My grandmother says that in desperation she called her sister-in-law and literally shoved me out the door and into her arms.
As I was being forcibly removed from the premises, my parting shot was a loud declaration: “And Gene ain’t gonna be my huncle!!”
Too many to tell, but these two will haunt me til the day I die:
It was nearing Easter when I was 4, and time to get new dressy shoes. I wanted white, and my mom wanted black because she knew I’d ruin white in no time flat.
At the shoe store, the saleswoman asked me what I wanted, so I pointed to the white Mary Janes while over my head my mom frantically waved her arms and mouthed “Black! Black!”
And the grand reveal - the boxes are opened…and the shoes are black.
I put my hands on my hips, glared at the shoes, glared at the saleswoman, glared at my mom, and said, “Those aren’t WHITE, those are BLACK. I wasn’t born yesterday, you know!”
We didn’t go back to that store for a good 5 years…and I got my white shoes…
When I was 5, my mom was a room mother for my Kindergarten class. We carpooled with some neighbors, and on the day of the first party that the room mothers were giving (Halloween, probably?) I was riding with the neighbors. On my way out, I told my mom to “Make yourself beautiful before you come to my class!” Then I ducked back in and added, “Or do the best you can.”

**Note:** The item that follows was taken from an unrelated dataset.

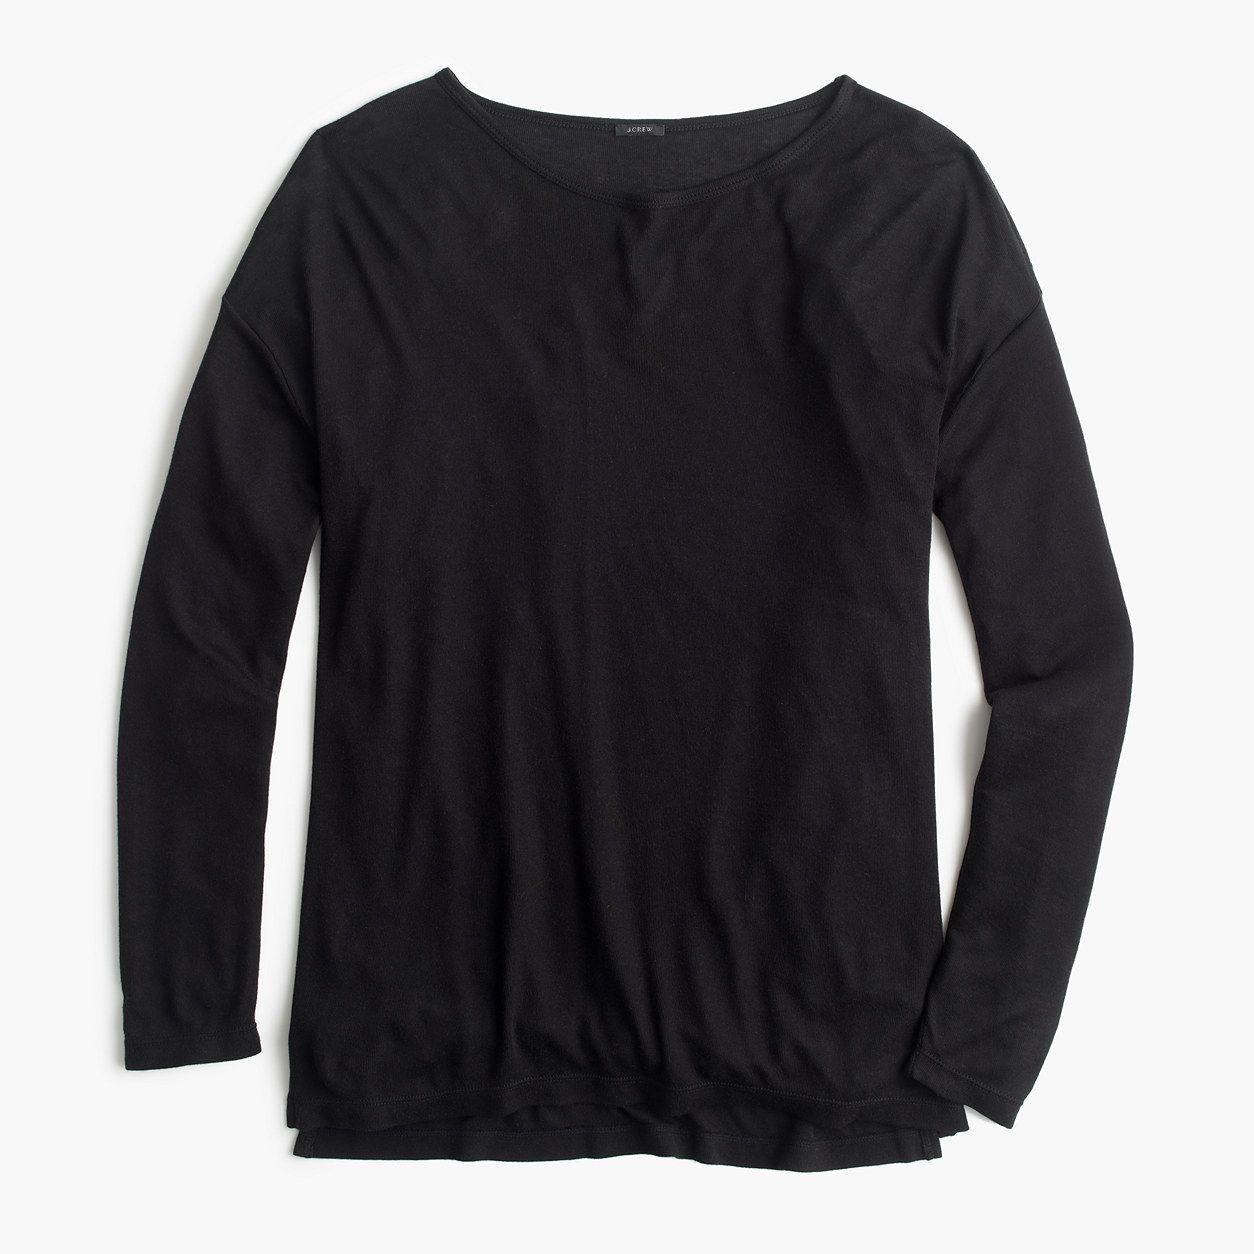 J.Crew Womens 10 Percent Deck T-Shirt (Size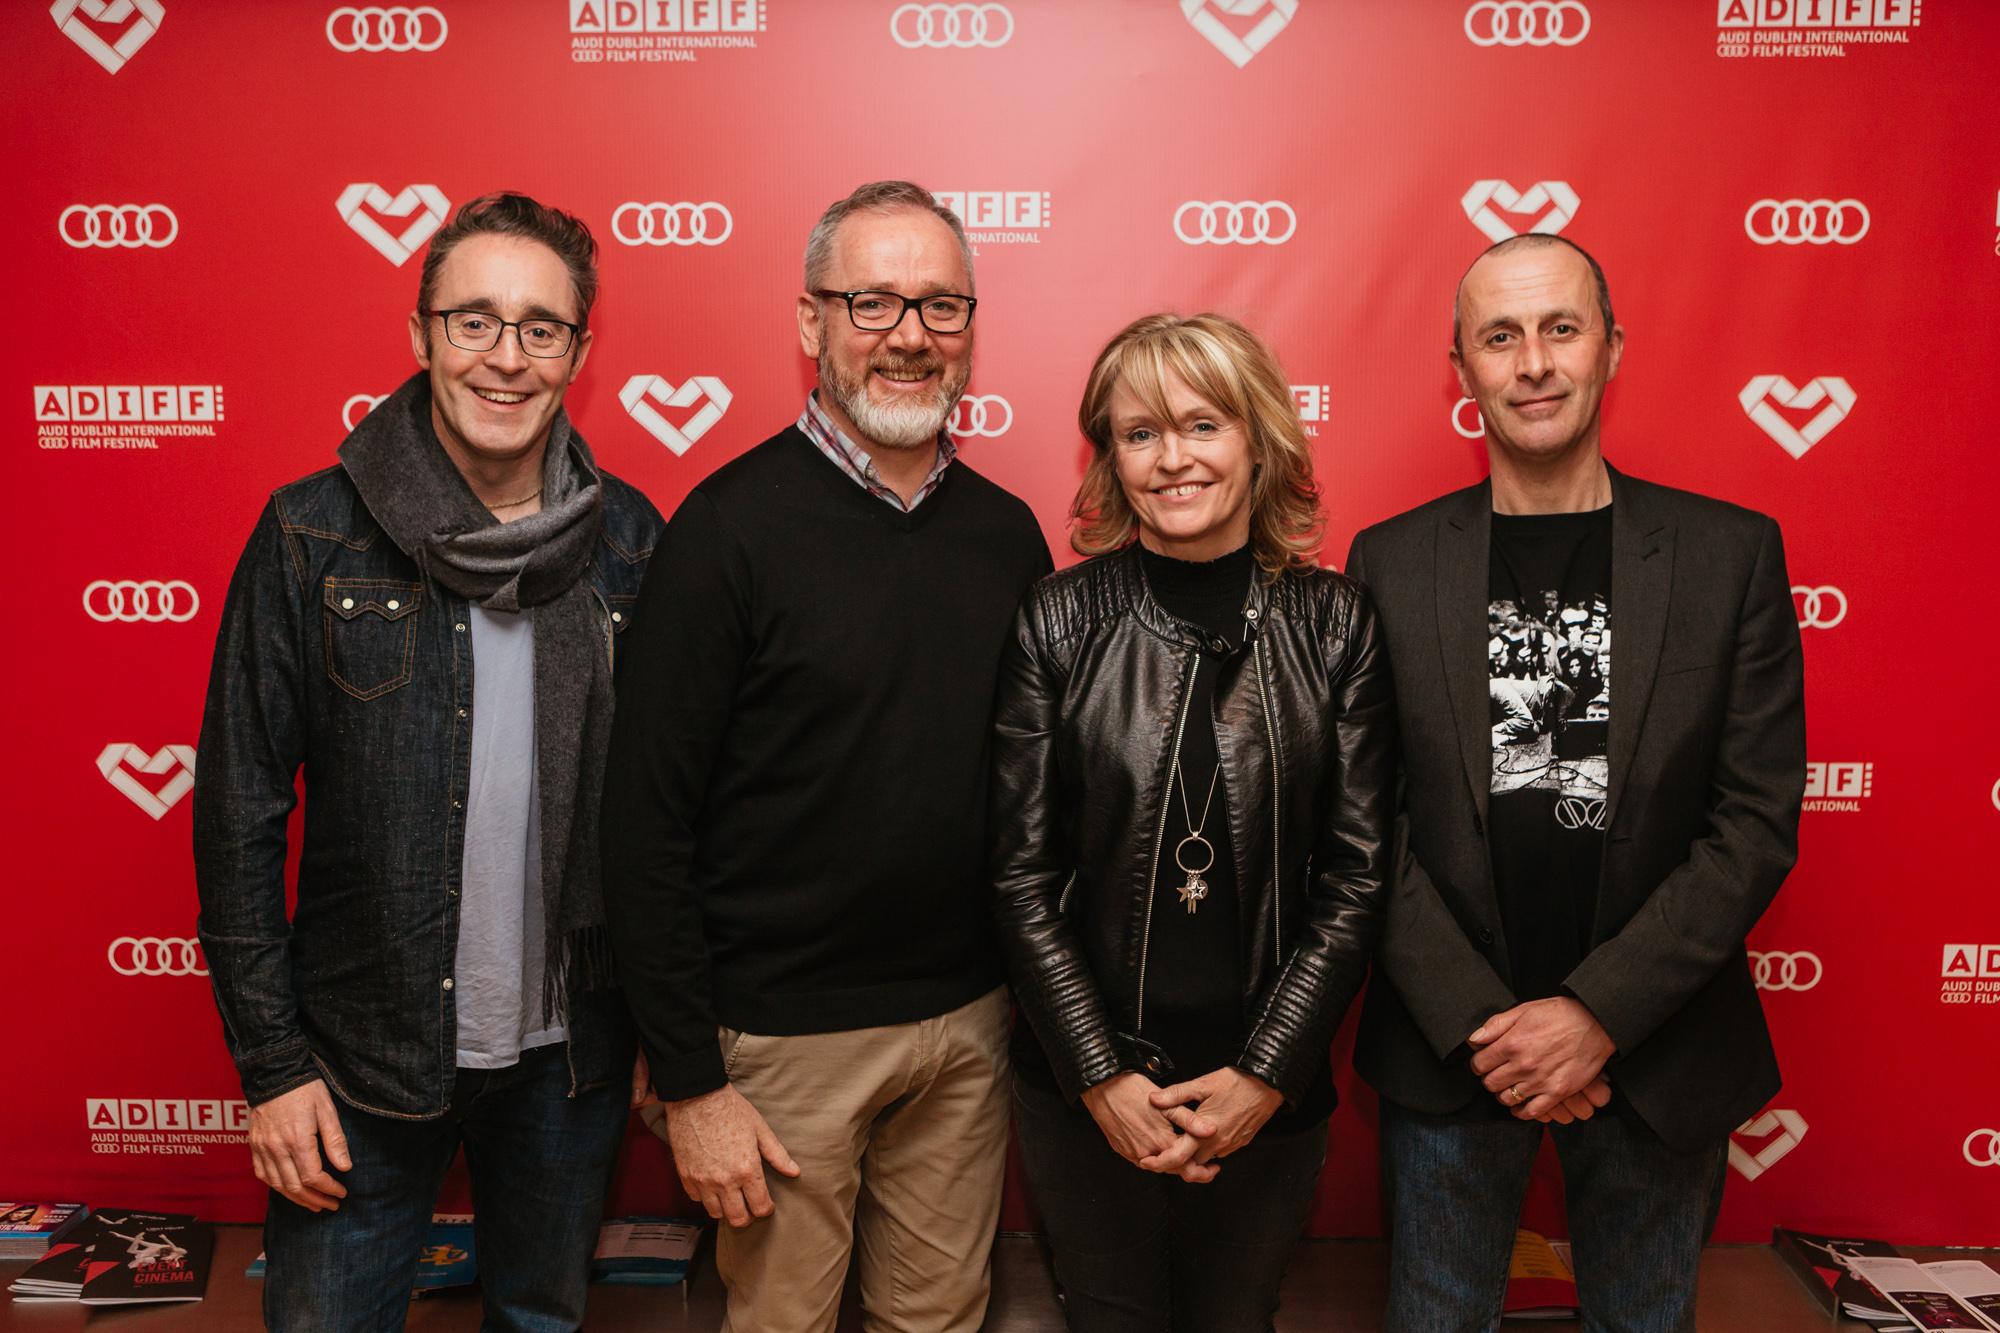 Short Film Award 2018 Jury members Geoff Fitzpatrick and Nick Costello and Discovery Award 2018 Jury members Emer Reynolds and Jason Foran

Guess what I heard before prom, my wedding…even inscribed in a book about makeup that she got me one Christmas!
My grandfather was married three times. First was my biological grandmother who he divorced when my dad was a kid. Second was a woman he divorced when I was a baby. Third was my favorite off all my grandmas who he married when I was 7. But I had grown up with both of the other grandmas for my entire life, so when I got introduced to grandma 3.0 my response was, “So what do we call this one?” :eek:
My grandfather was horrified. My new grandma? Thought it was the funniest thing she had ever heard and even now, 25 years later, she still tells the story of how I didn’t know what to call my newest grandma.